# Task statement
Below is some data. Retype exactly the lines starting at the one with "Type de perle" and ending at the one with "Traitement des perles".

# Provided records
===
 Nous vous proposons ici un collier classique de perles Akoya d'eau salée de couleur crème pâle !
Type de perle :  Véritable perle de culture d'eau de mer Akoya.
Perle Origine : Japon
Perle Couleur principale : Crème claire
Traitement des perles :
===
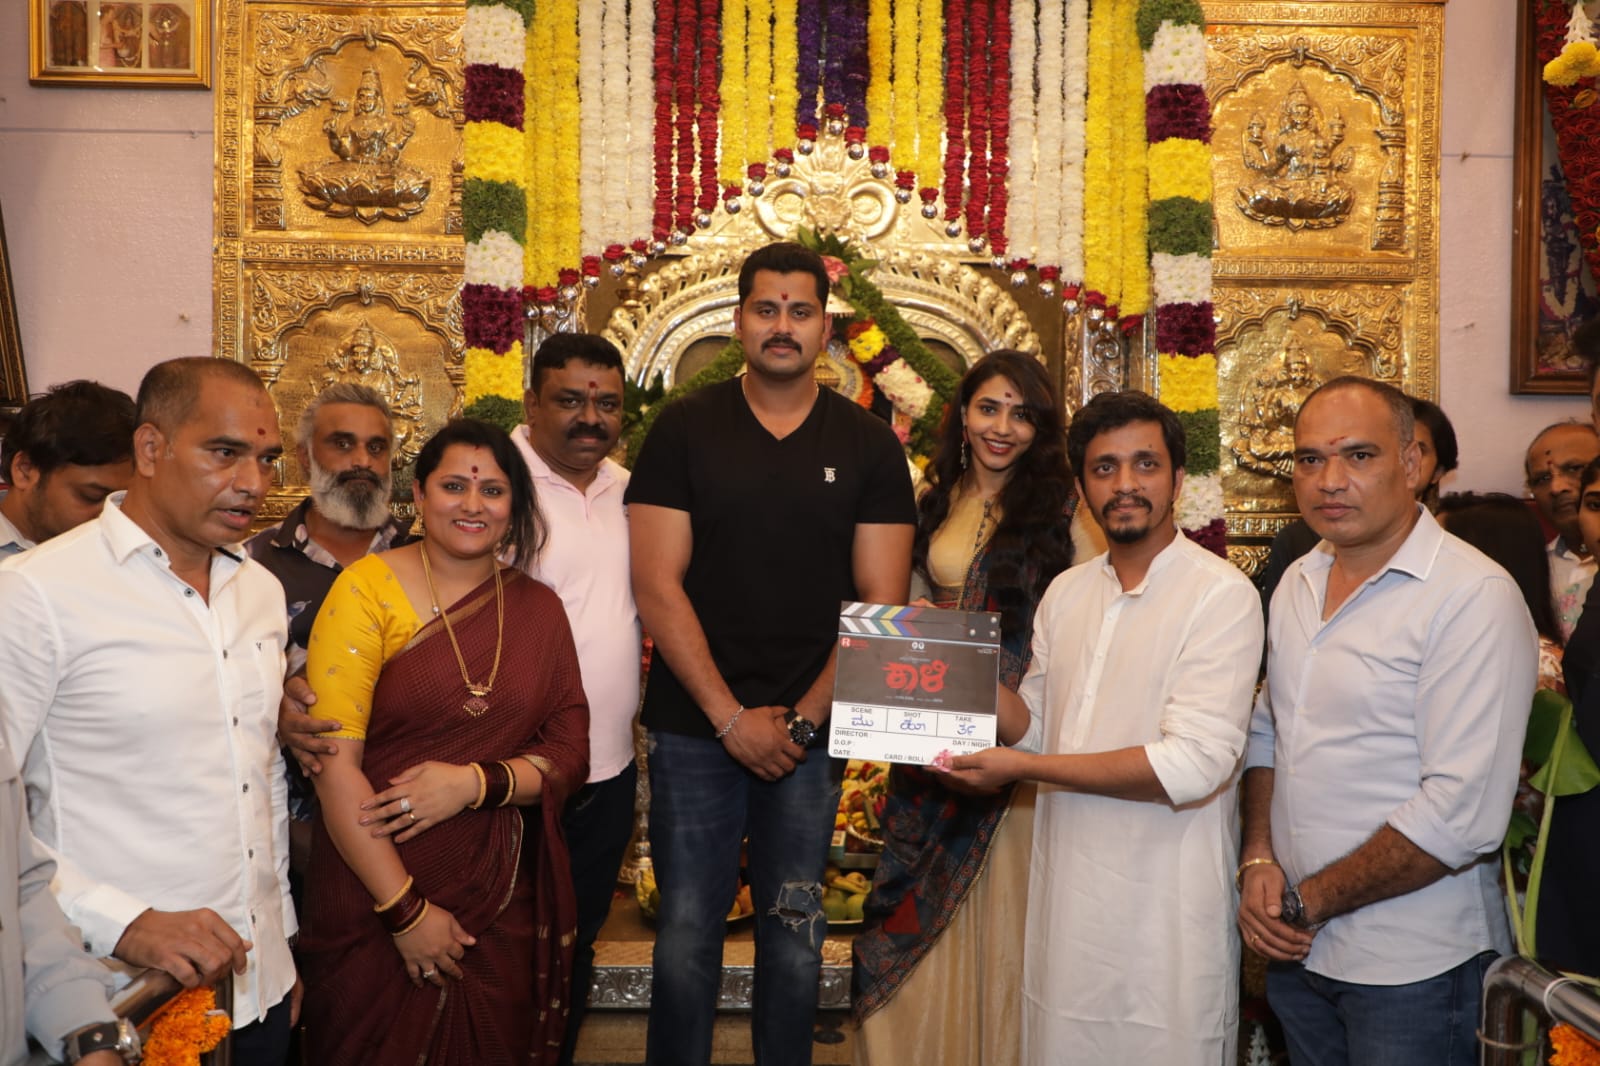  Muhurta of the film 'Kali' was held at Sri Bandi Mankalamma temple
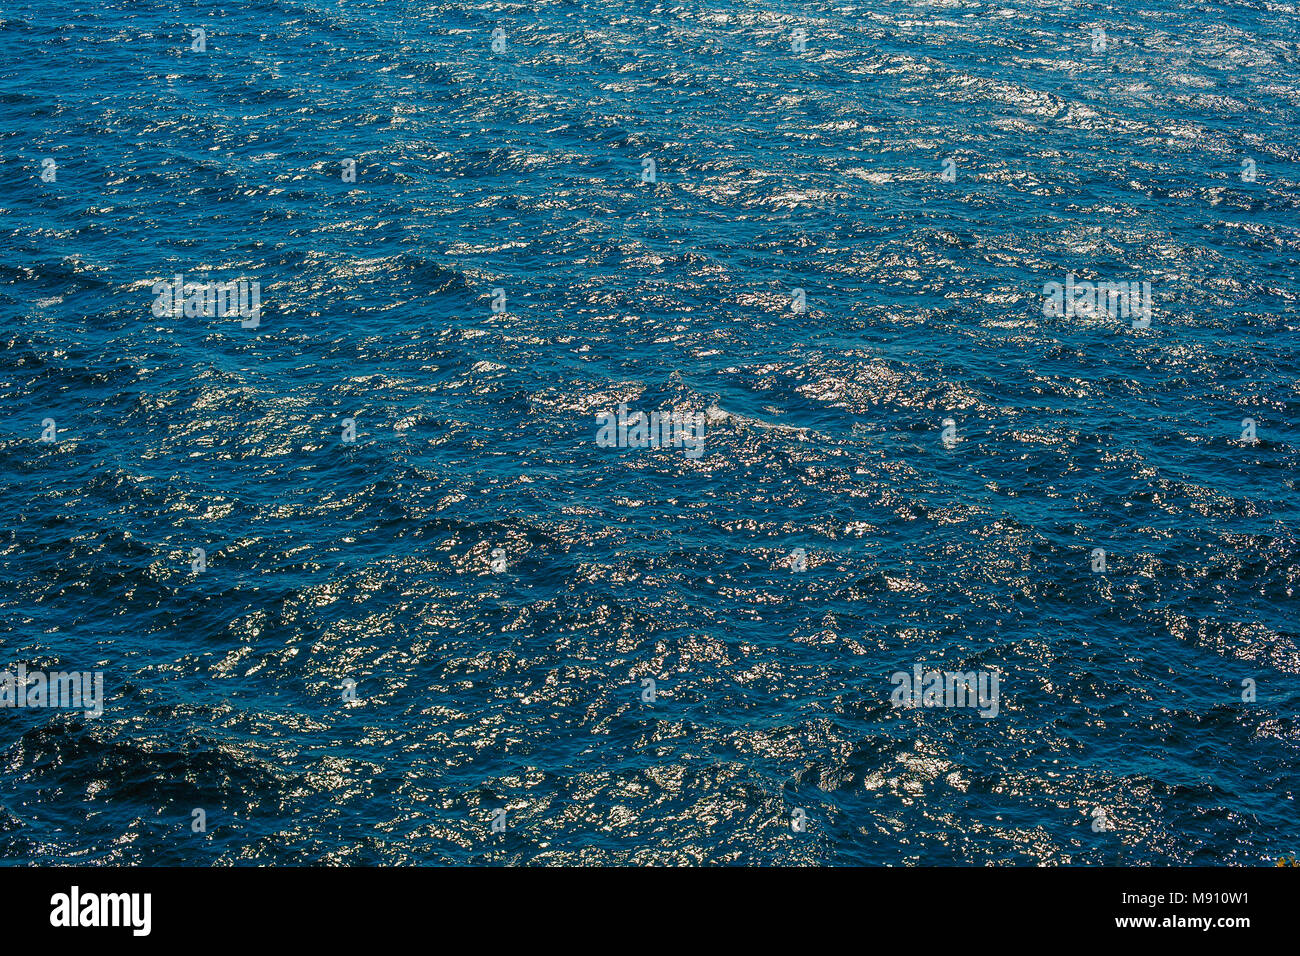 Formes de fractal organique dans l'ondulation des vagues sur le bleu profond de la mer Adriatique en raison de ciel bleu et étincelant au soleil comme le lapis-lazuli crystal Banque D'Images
===
# Answer to the problem
Type de perle :  Véritable perle de culture d'eau de mer Akoya.
Perle Origine : Japon
Perle Couleur principale : Crème claire
Traitement des perles :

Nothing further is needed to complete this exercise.